28.4.08

sermon


(Image from here)

How do you tell a story?

Remember, how they told you all stories were autobiographical? First, you erase that off your book of notions. You don't tell a story all by yourself. You agree to tell a story that chooses to be told by you. You got that? Next, you pick the story. Carefully. Reverently. And you wring yourself out of it. Rinse it completely dry of you. Not a trace of you in there. For a true story is unlike entertainment, or gossip, or masturbation. It is utterly unlike an entente cordiale of mutual indulgence between the writer and the audience that you come across every other day. A true story is something you find, like a perfectly formed pebble sleeping quietly at the bottom of a noisy rapid stream. It is like those unlikely creatures that lurk in the dark echoing depths of the ocean. Alien to your limited understanding, but familiar to their environment. You are a flake, a fluke flake. They are real. You are ephemeral. They are eternal, ruling in their depths for an eternity. "You are 90% metaphor with a leanness of meaning approaching hyperdistillation" as per Ani Difranco.
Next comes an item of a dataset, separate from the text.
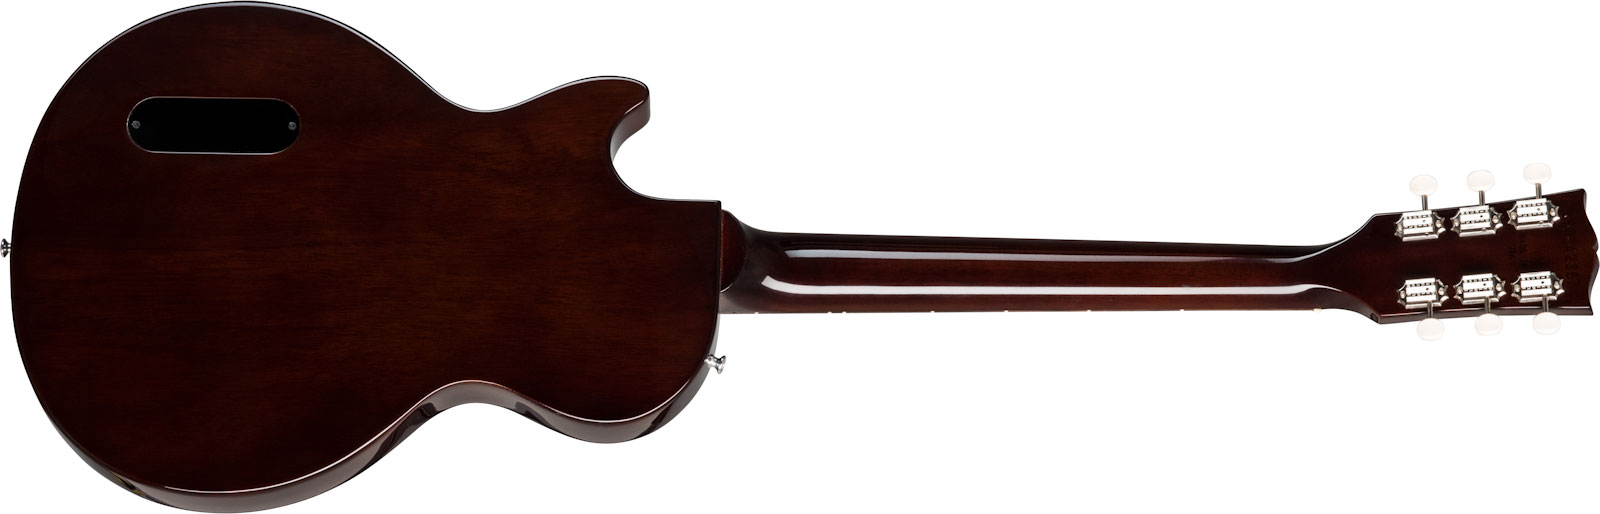 Gibson Les Paul Junior Original P90 Ht Rw - Vintage Tobacco Burst - Enkel gesneden elektrische gitaar - Variation 1

You are a metaphor, for them, stories. So there. Now you have a story. It is not your story, mind it. You merely found it. It is not a story that you own. Although the story may very well own you, in a manner. You are just a narrator, at best. A folk singer. A medium. It is crucial to understand that. And if you can understand that, there you are, among an elite family of story-tellers across the ages.